----- Exercise material -----
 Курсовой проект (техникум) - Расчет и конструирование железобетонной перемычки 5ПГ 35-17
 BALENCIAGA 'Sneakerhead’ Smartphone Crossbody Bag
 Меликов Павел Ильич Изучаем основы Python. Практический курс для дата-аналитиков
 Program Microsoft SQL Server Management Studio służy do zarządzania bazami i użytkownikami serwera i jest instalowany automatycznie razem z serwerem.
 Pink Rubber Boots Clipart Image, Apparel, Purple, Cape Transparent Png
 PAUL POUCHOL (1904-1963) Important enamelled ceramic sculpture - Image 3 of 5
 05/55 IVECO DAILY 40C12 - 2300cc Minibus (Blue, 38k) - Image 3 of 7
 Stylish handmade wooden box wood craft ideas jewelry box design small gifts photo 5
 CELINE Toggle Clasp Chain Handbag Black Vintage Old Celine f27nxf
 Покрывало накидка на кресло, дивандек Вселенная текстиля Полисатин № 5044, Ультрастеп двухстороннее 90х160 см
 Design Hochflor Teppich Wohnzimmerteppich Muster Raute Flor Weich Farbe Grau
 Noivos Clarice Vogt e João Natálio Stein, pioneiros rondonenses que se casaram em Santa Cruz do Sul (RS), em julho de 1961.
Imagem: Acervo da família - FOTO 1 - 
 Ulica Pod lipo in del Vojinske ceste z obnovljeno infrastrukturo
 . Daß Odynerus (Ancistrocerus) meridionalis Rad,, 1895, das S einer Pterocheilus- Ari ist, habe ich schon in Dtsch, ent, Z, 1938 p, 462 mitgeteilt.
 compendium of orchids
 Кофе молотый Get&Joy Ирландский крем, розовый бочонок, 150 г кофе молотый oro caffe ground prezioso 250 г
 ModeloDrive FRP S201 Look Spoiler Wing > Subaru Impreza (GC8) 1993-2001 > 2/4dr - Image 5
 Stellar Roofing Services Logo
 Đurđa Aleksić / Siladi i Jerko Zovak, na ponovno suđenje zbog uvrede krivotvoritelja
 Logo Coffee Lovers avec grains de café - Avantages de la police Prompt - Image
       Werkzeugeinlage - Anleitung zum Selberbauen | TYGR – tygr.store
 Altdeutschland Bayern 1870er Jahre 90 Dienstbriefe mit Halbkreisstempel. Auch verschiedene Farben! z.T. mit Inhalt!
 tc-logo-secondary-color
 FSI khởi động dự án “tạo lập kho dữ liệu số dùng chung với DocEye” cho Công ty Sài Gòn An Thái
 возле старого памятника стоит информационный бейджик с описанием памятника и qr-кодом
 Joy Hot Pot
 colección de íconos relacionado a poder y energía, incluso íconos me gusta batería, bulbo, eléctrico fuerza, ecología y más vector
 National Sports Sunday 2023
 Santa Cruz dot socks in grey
-----
* _What is needed_
Only lines holding the word "Cruz" are wanted, so copy each of them from the records above.

* _Result for this task_
 Noivos Clarice Vogt e João Natálio Stein, pioneiros rondonenses que se casaram em Santa Cruz do Sul (RS), em julho de 1961.
 Santa Cruz dot socks in grey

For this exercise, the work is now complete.